De twee boeken als getuigen maken het onmogelijk hier
en nu te zwijgen over de eeuwige gevolgen van geloof zonder de werken. De
twee getuigen van Jezus zijn onverbiddelijk. Daarom wordt van allen die
verloren gaan, de kleingelovige het eerst bij de naam genoemd. Wat de NBG
heeft vertaald met lafhartigen, noemde Jezus kleingelovigen in Mattheus
8:26.
Gods Zoon op zijn troon zal straks iedereen in “de poel des vuurs” werpen,
die de genoemde werken niet op zijn naam heeft staan. Deze verbanning treft
elke kleingelovige net zo goed als ongelovigen, verfoeilijken, moordenaars,
hoereerders, tovenaars, afgodendienaars en leugenaars. Kortom, de
kleingelovige “is” niet gered, want de bedelaar die weet heeft van
zijn schuld en daarom volhardt in gebed in de hoop van het eeuwige leven, “wordt”
gered:
-
“Maar de
kleingelovigen (RHK), de ongelovigen, de verfoeilijken, de moordenaars, de
hoereerders, de tovenaars, de afgodendienaars en alle leugenaars – hun
deel is in de poel, die brandt van vuur en zwavel: dit is de tweede dood”.
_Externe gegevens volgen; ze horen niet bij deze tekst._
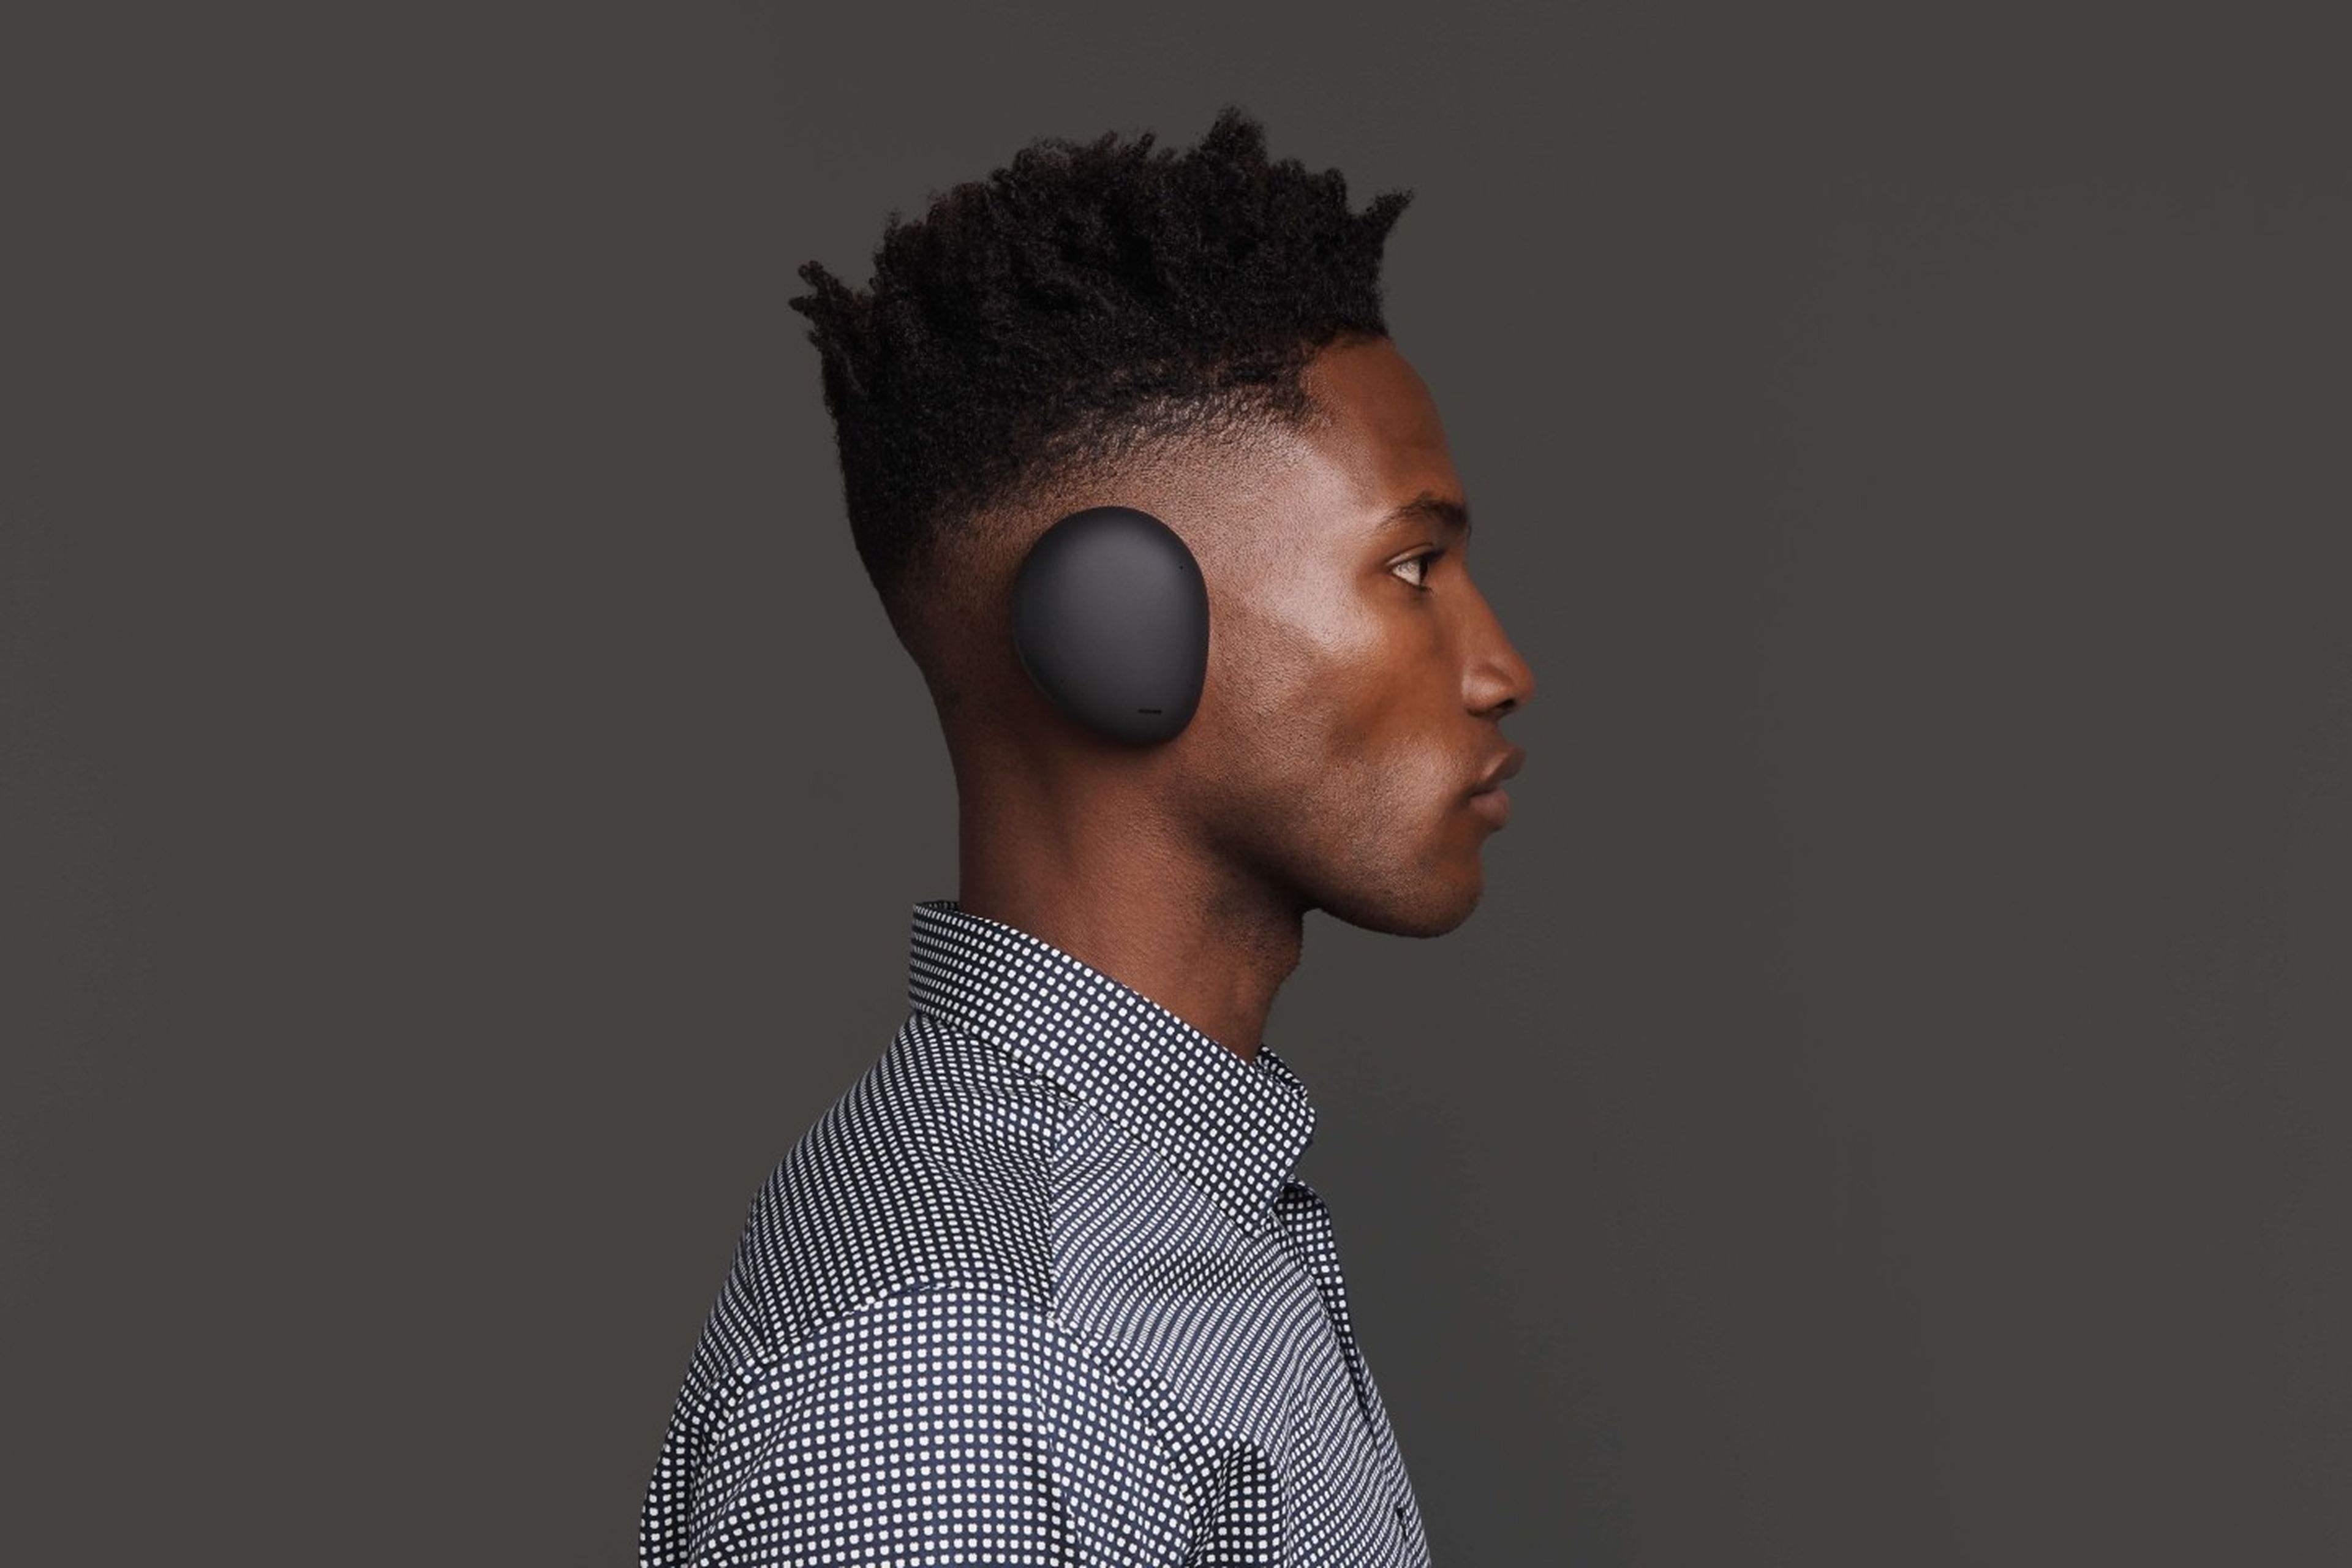 Human Headphones, los auriculares externos sin headband que se transforman en altavoces

Uit het voorafgaande blijkt dat de tranen om iets
anders vloeien dan veelal wordt gedacht. Het zijn de tranen van berouw om de
zonden en de dreiging van de hel, die God zal uitwissen:
-
“en Hij
zal alle tranen van hun ogen afwissen en de dood zal niet meer zijn, noch
rouw, noch geklaag, noch moeite zal er meer zijn, want de eerste dingen
zijn voorbijgegaan”.
Maar Hij die de dood inging
en overwon, zal elke dorstige die zijn schuld belijdt, te drinken geven:
- “Ik ben
de alpha en de omega, het begin en het einde”.